If you can’t cut and pack your own firewood, you may want to buy some. Often parks sell their own firewood–or you can find firewood at a local gas station (during camping season).
10. Make Sure to Bring a Sleeping Pad
All beaches are not made up of white sand beaches! Some are in fact a little rocky, which could make for an extremely uncomfortable night of sleep. I highly recommend that you invest in a good quality sleeping pad, that’s also waterproof.
11. Always Think Waterproof When Beach Camping
In case you haven’t thought about this, camping on the beach can be a wet experience! After all, there’s a good chance you’ll be camping in the summer, which means heat and humidity, ocean spray, water, rain, and fog.
This means that you need to bring plenty of zip lock bags to store all of your electronics in, such as cell phones, battery chargers, etc.
We have a dry bag that we put all of our keys, wallets, phones, etc. while we are on the river or at the beach. Although you can’t keep sand out of ANYTHING, the dry bag definitely helps. You can find one like we have here on Amazon.

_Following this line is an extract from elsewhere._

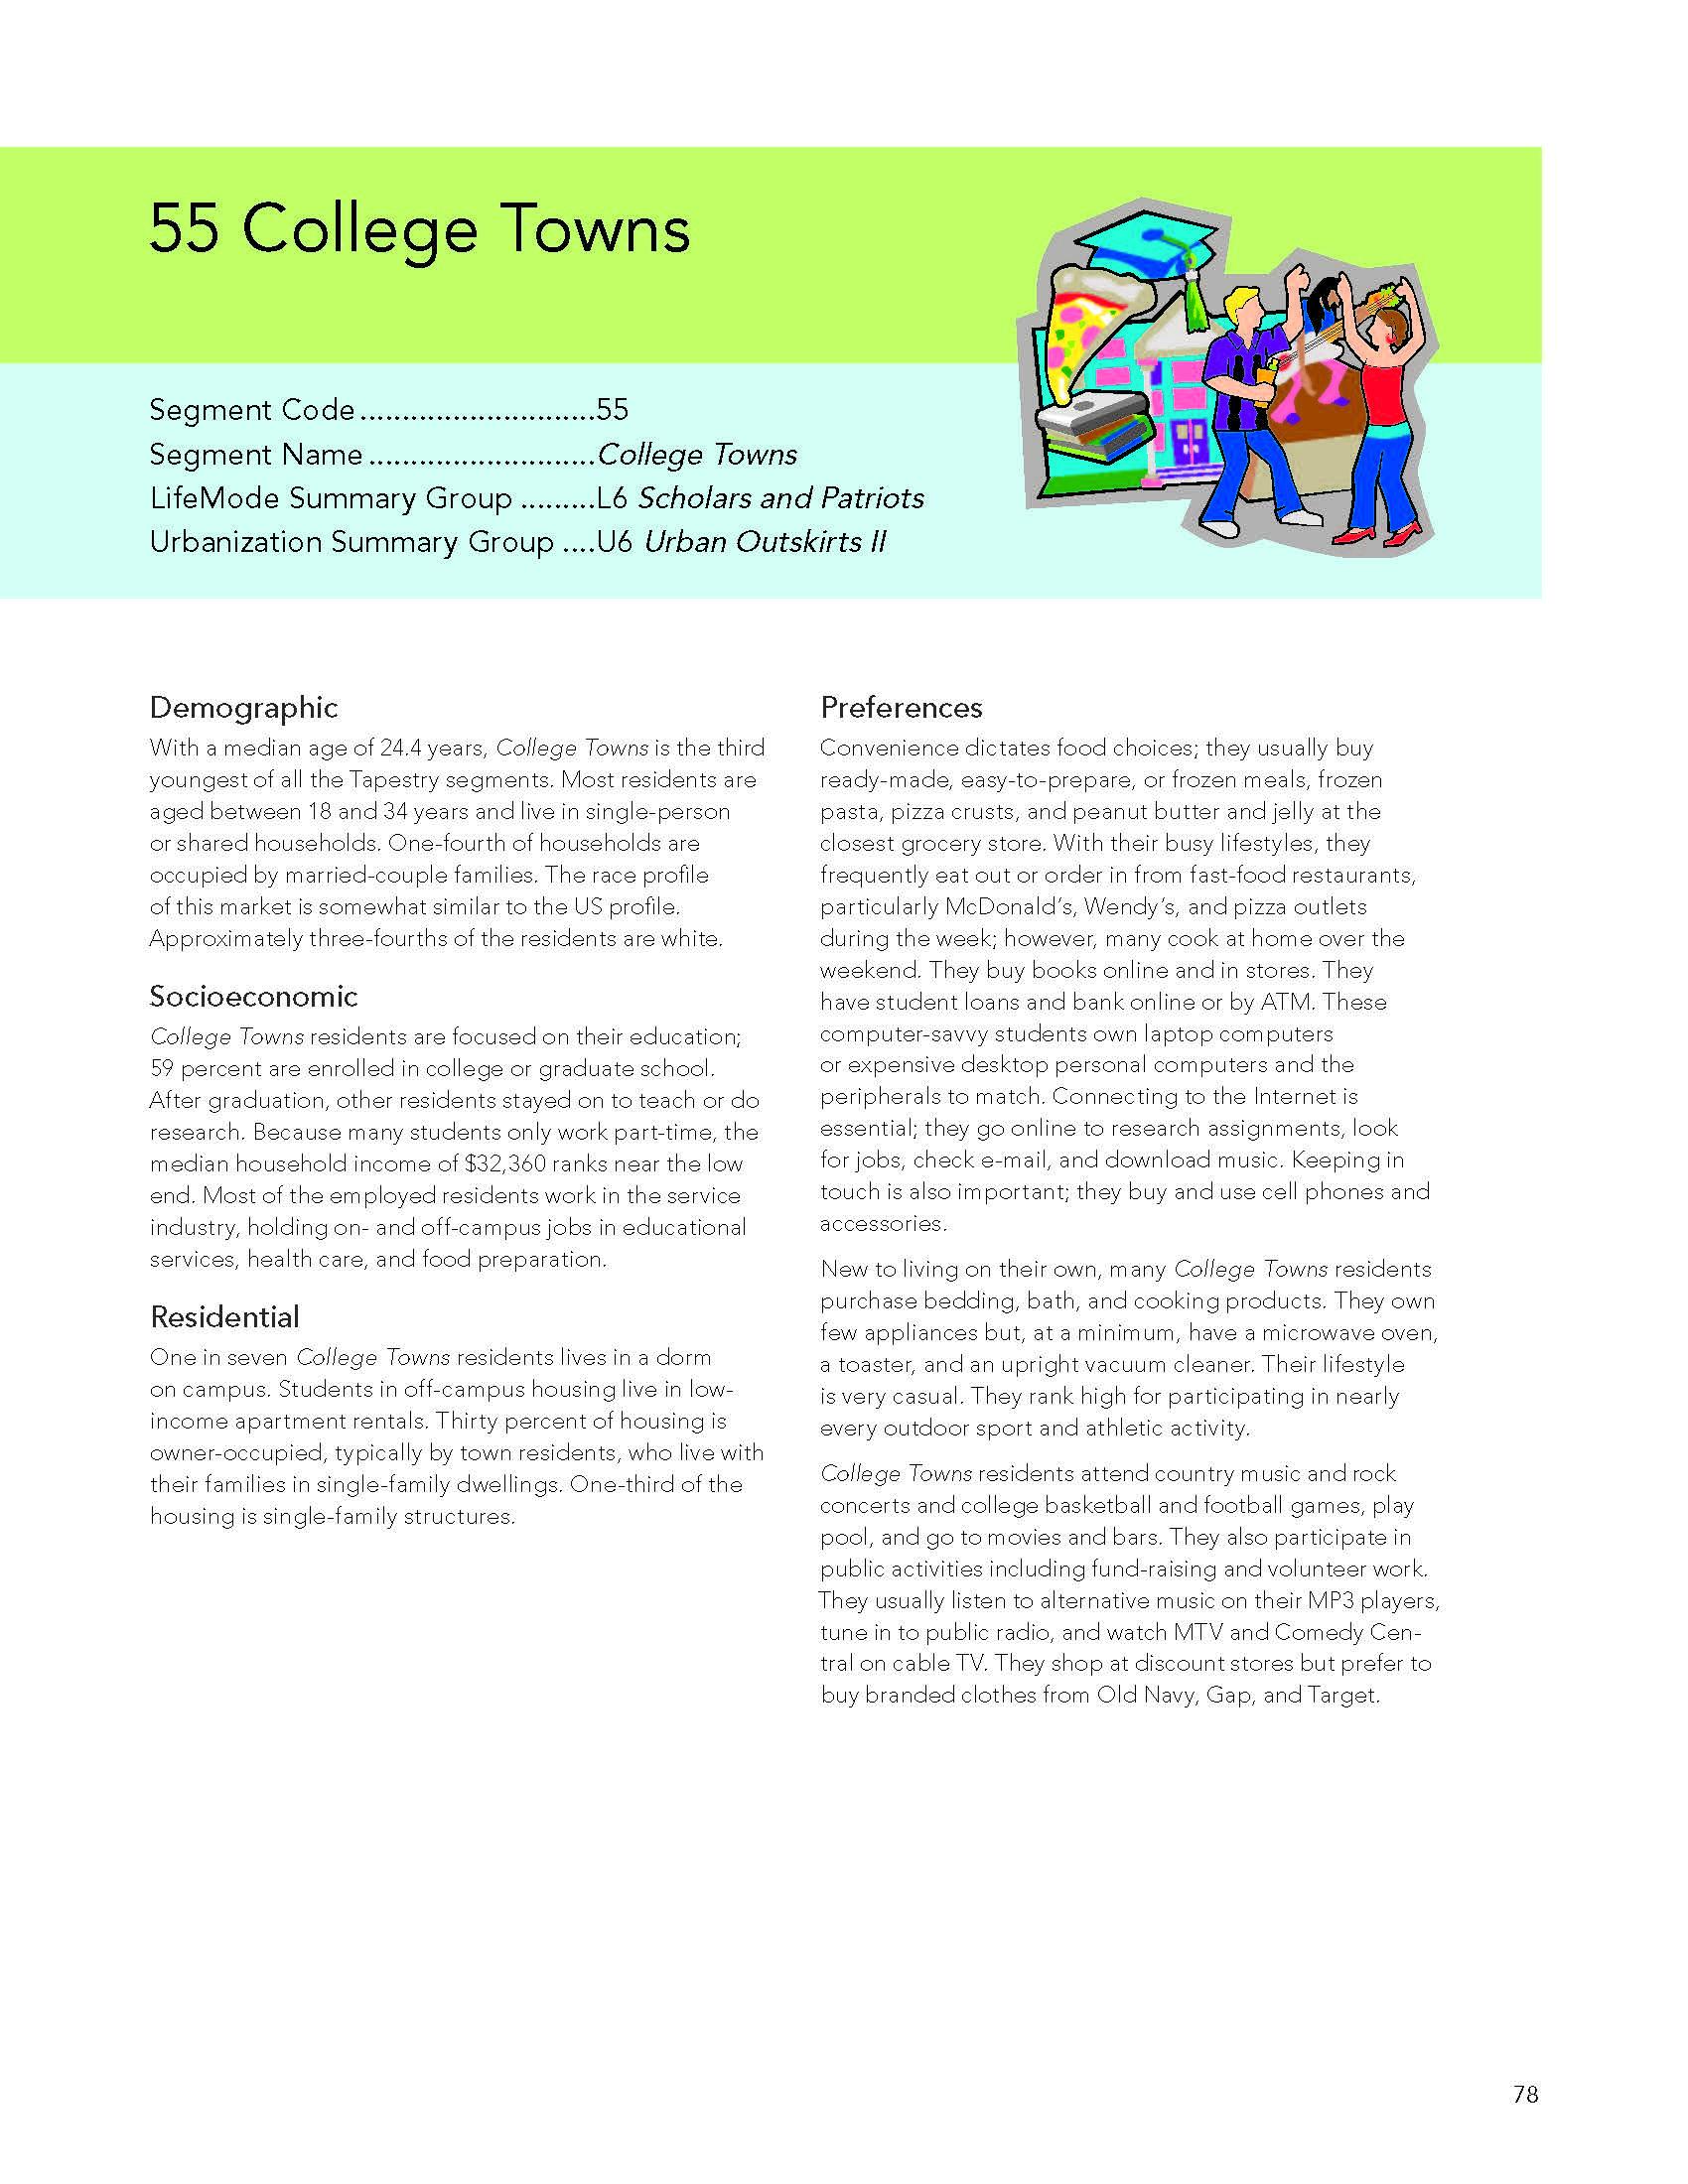 tapestry-segmentation_Page_81.jpg

12. Don’t Forget the Chap-stick
Most people already know how important it is to use plenty of sunscreen when camping on the beach, but few remember to use lip balm or Chap-stick. Your lips are extremely sensitive and being exposed to hours in the hot sun can cause extreme dryness, which can lead to cracked lips.
13. Bring Plenty of Beach Activities
Although camping on the beach is an activity in itself, eventually, boredom is bound to set in. Make sure that you bring plenty of outdoor games to keep you and the kids entertained.
Some things to consider include:
14. Invest in a Sand-free Beach Mat to Keep Sand Out
You’re camping on the beach, so it’s inevitable that you will get sand inside your tent. The trick is to limit how much sand sneaks in. One way that I’ve found to be extremely helpful is to invest in a “sand-free beach mat.”
While they are not 100% effective in keeping out the sand (as some brands would suggest), they do help considerably. The that I recommend is the CGEAR SAND-FREE MAT (see on Amazon). It’s made from the same high tech technology that is used by the military for helicopter landing pads in the desert.
15. Invest in a Beach Cart or Make Your Own
Unless you can pull your car right up to your campsite (which some beaches you CAN do… although you risk getting stuck in the sand… err… don’t ask), chances are you’re going to have to lug all of your gear through the hot beach sand on your way to your destination. If you’ve ever done this before, then you know how hard, not to mention aggravating this can be.
That’s why I suggest that you either buy a good quality beach cart such as the Mac Sports Heavy Duty Collapsible Folding Beach Wagon (see on Amazon) or if you’re the handy type, build your own.
16. Know Your Bathroom Options (Or Make Your Own Toilet)
Most beach campsites are very primitive, so finding a place to use the restroom can be a challenge in itself! If you’re lucky, there will be a porta-potty nearby or a public restroom for weekend beachgoers.
However, if you’re camping off the beaten path, you’re gonna have to make some other arrangements! One option is to use the Go Anywhere Toilet Kit. They come with everything you need to go potty and the best part is, it is perfectly okay to throw them in the trash when finished.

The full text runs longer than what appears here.